Die Zahlen schreckten auf: Fast jede zweite Frau wurde schon Opfer von Gewalt in Paarbeziehungen. Dies ermittelte eine Studie der Dachorganisation der Frauenhäuser (DAO) im November.
Die vom Zürcher Institut Sotomo durchgeführte Umfrage dominierte Zeitungen und News-Portale (auch Blick berichtete). Nirgends fehlte der Hinweis, dass der Kampf gegen Gewalt an Frauen dringend mehr öffentliche Gelder brauche.

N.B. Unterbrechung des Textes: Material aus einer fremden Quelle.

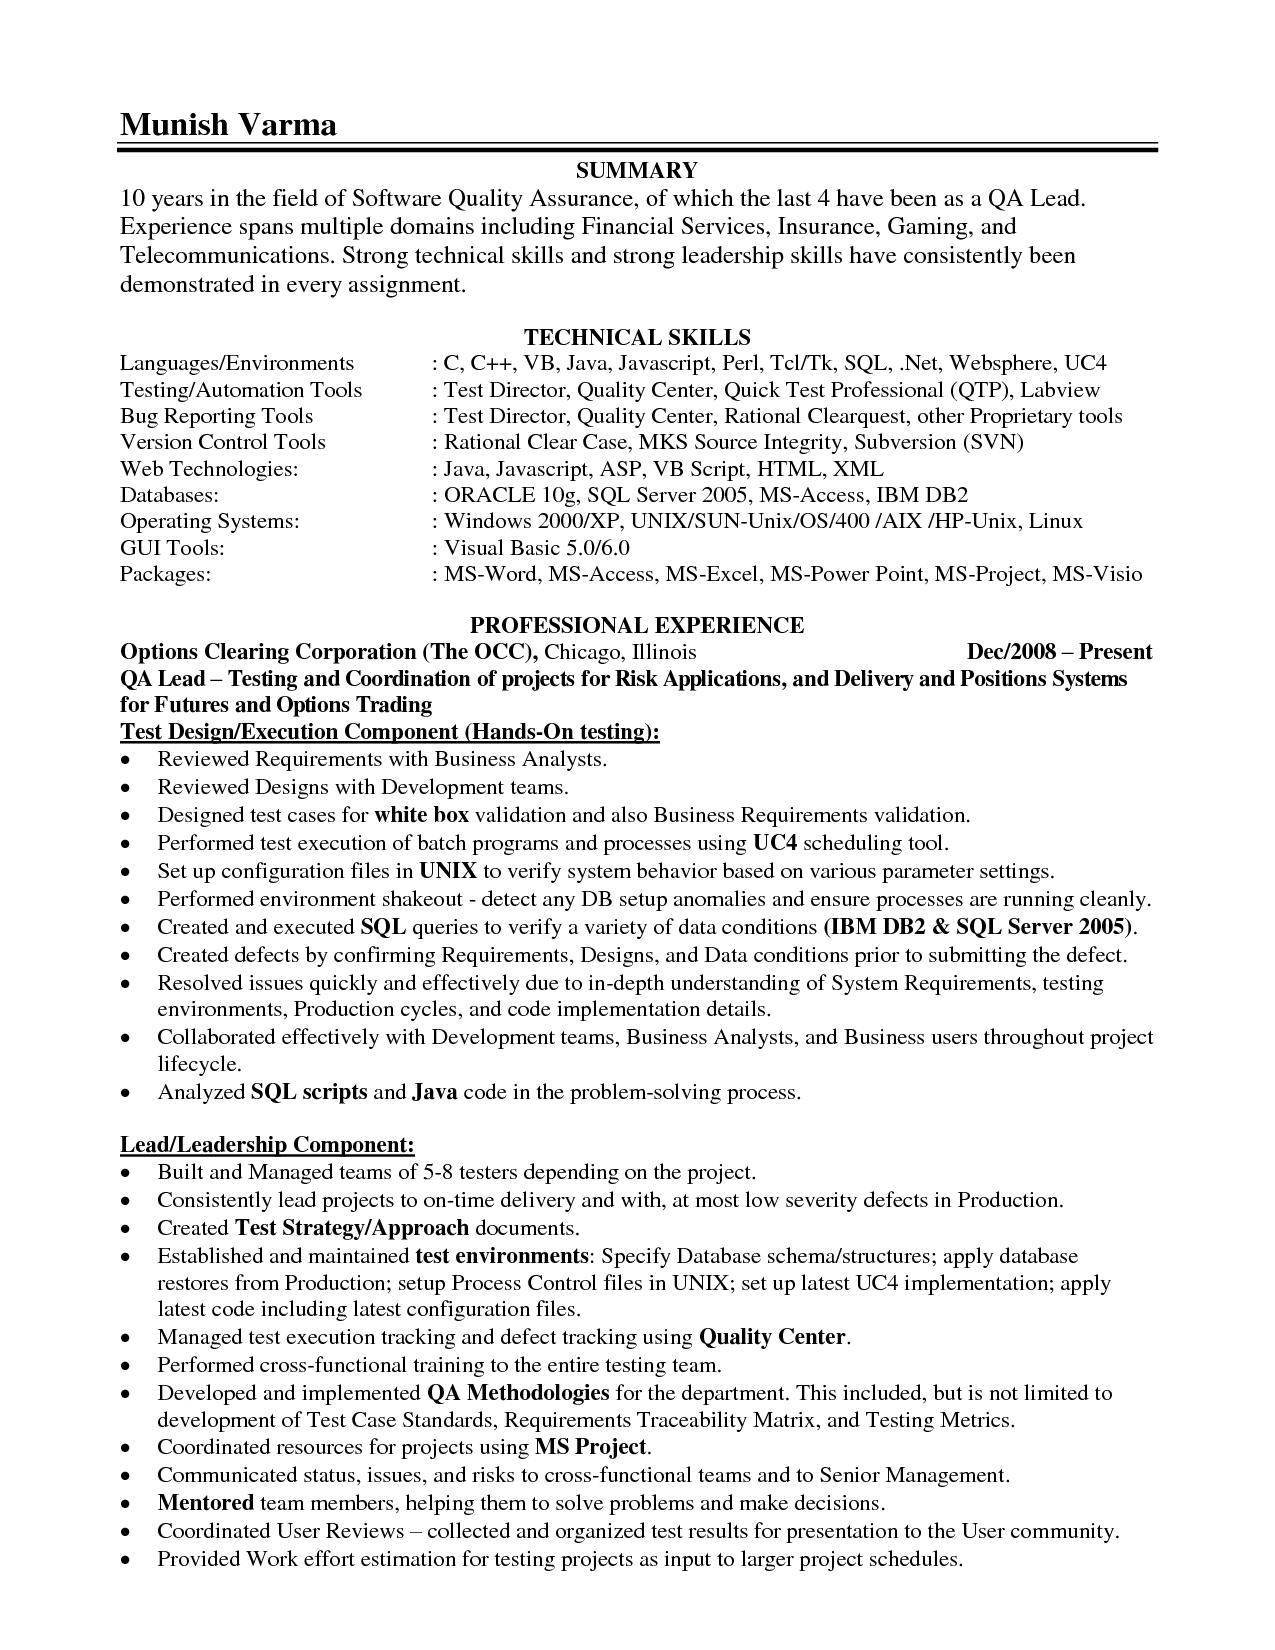 Resume Examples Leadership  Resume skills, Leadership skills
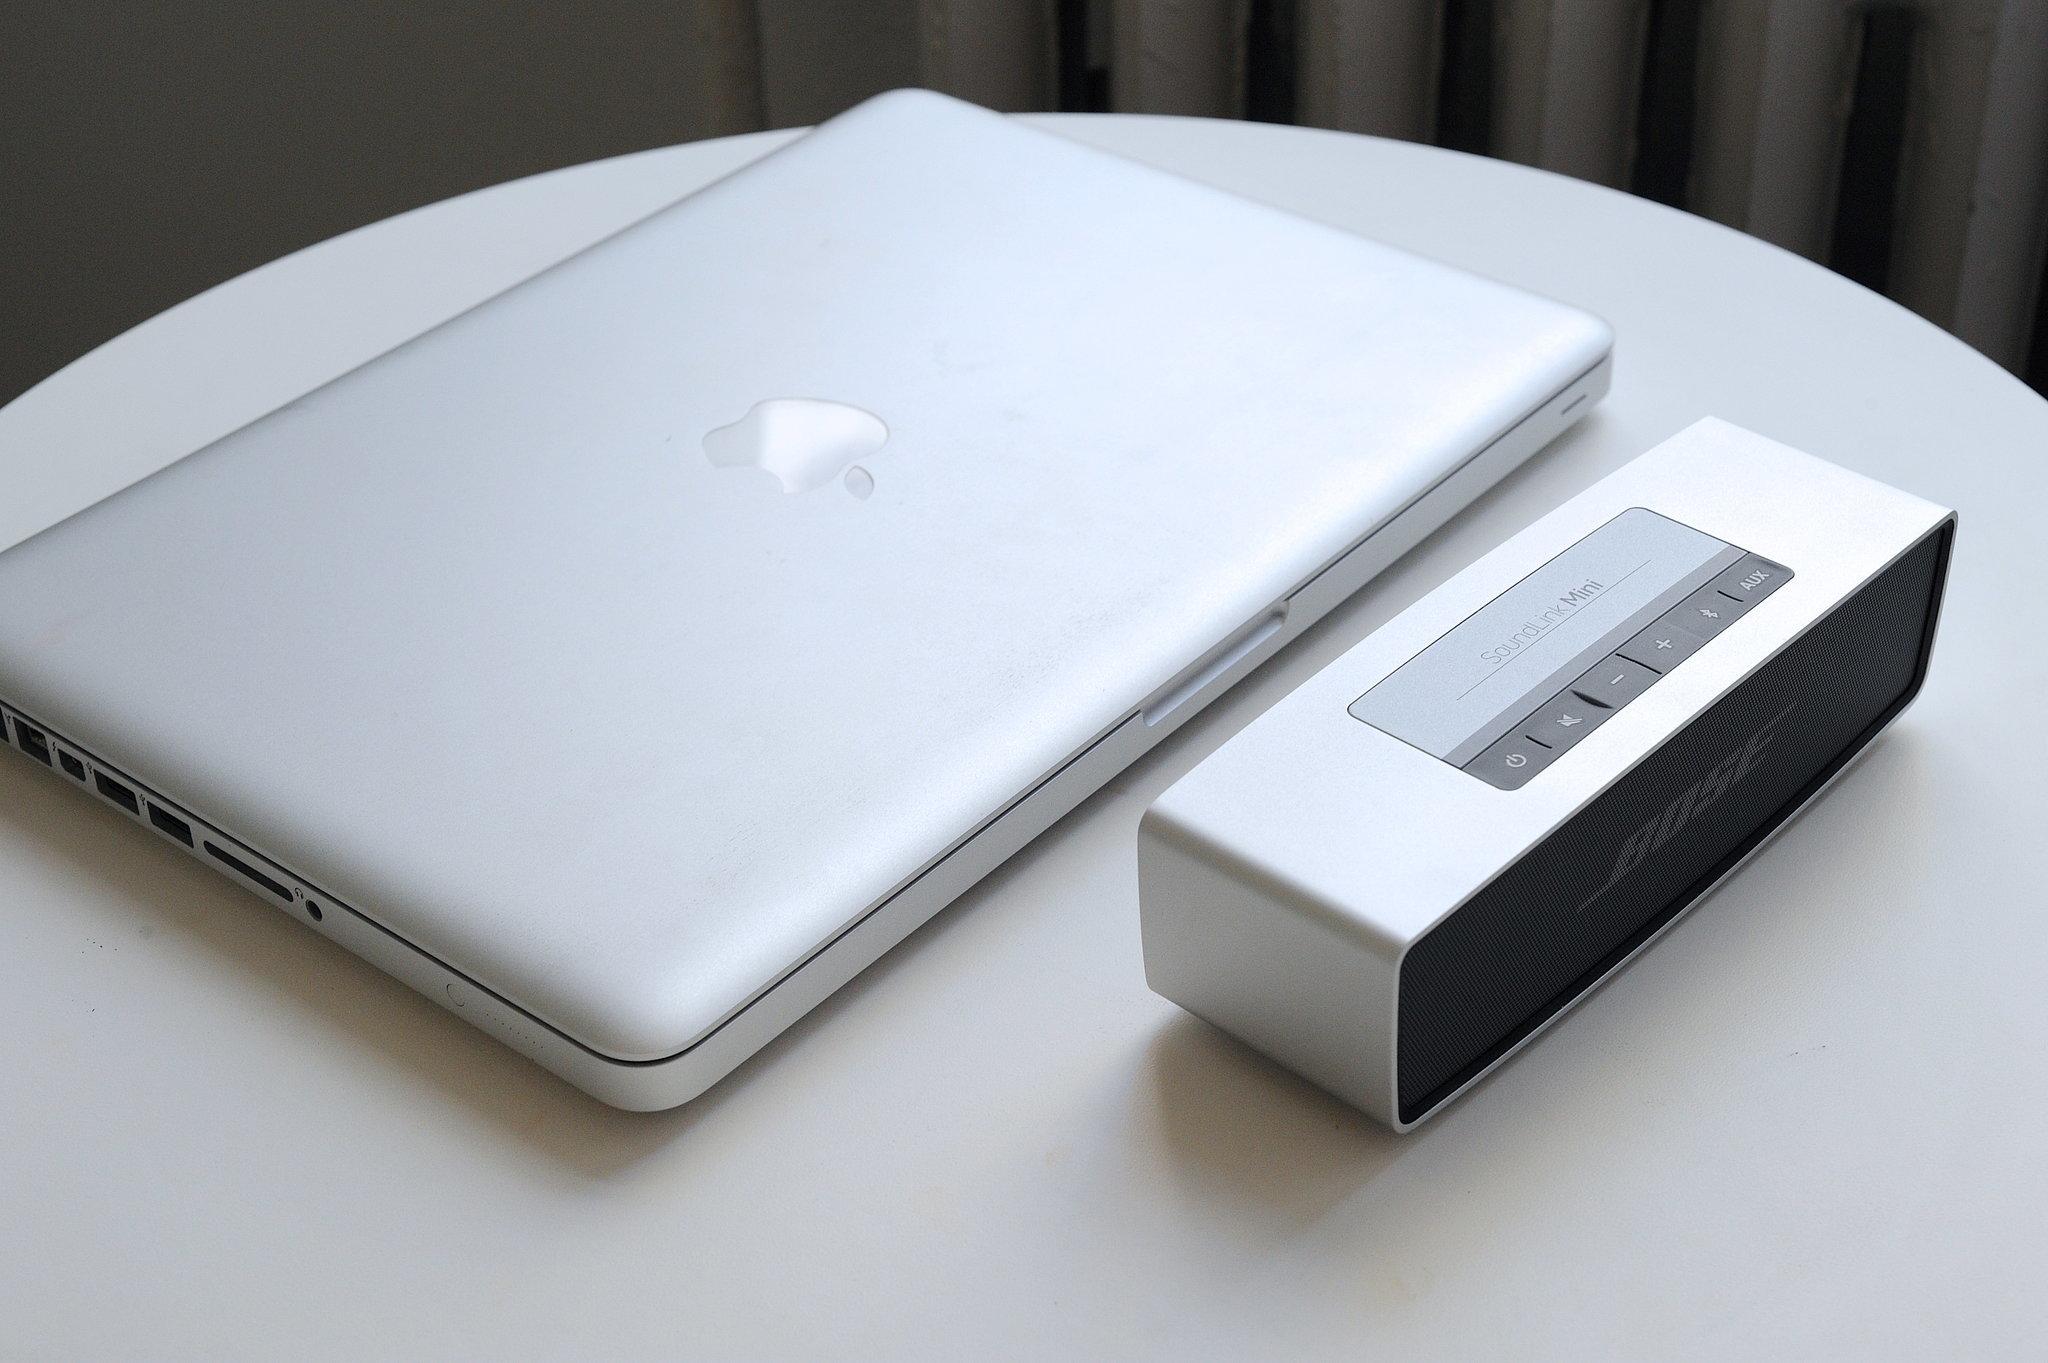 Apple-Inspired Design

Jetzt zeigt sich, dass die Zahlen aufgeblasen sind. Gemäss einer neuen Studie der Zürcher Hochschule für Angewandte Wissenschaften (ZHAW) machten 2021 gerade mal 3 Prozent der Frauen physische Gewalterfahrungen in Paarbeziehungen. Zählt man psychische Gewalt hinzu, sind es 13,4 Prozent. Der «Tages-Anzeiger» berichtete zuerst über diese Studie.
Drei Booster sorgen für höhere Zahlen bei Sotomo
Hinter den unterschiedlichen Resultaten stecken unterschiedliche Methoden. ZHAW-Forscher Dirk Baier wählte für seine Studie ein repräsentatives Sample von 18’686 Personen und verschickte Online-Einladungen zur Teilnahme.
Die Sotomo-Umfrage hingegen stand allen offen, die Leute wurden über Online-Portale gesucht. «Es nehmen dann hauptsächlich Personen teil, die Erlebnisse zu berichten haben, was die Raten in die Höhe treibt», kritisiert Baier.
Hinzu kommt, dass die Sotomo-Studie offenlässt, was Gewalt ist. Von Beleidigungen bis zu Vergewaltigung – alles kam in den gleichen Topf. Auch das steigert die Betroffenheit.
Der dritte Zahlen-Booster ist die fehlende zeitliche Begrenzung. Sotomo zählt auch Gewalterfahrungen dazu, die 30 Jahre zurückliegen. Baier: «Das erhöht die Raten, wirft aber ein teilweise falsches Licht auf die aktuelle Situation.»
Auch seine Studie sei keineswegs perfekt, sagt Baier. So nahm nur knapp jede fünfte eingeladene Person letztlich auch an der Befragung teil.* «Aufgrund der Methodik würde ich aber vermuten, dass die Ergebnisse unserer Studie derzeit die Realität etwas besser abbilden als die Sotomo-Studie.»
Ikea bezahlt die Plakatkampagne
Dass die Wahl der Methode politisch gesteuert war, bestreitet Sotomo-Studienautorin Sarah Bütikofer: «Wir hatten keine Erwartungen an die Ergebnisse.» Auch DAO-Generalsekretärin Lena John sagt, man habe «mit dieser Studie keinerlei politische Intention» verfolgt.
Die Sotomo-Studie wird vom eidgenössischen Gleichstellungsbüro mit 120’000 Franken finanziert. Die Kosten für die Plakatkampagne übernahm der Möbelhändler Ikea. Die Studie vom November war nur der Anfang: Schon im Frühling ist die nächste Umfrage geplant.
* Dieser Satz wurde nachträglich zum Artikel hinzugefügt.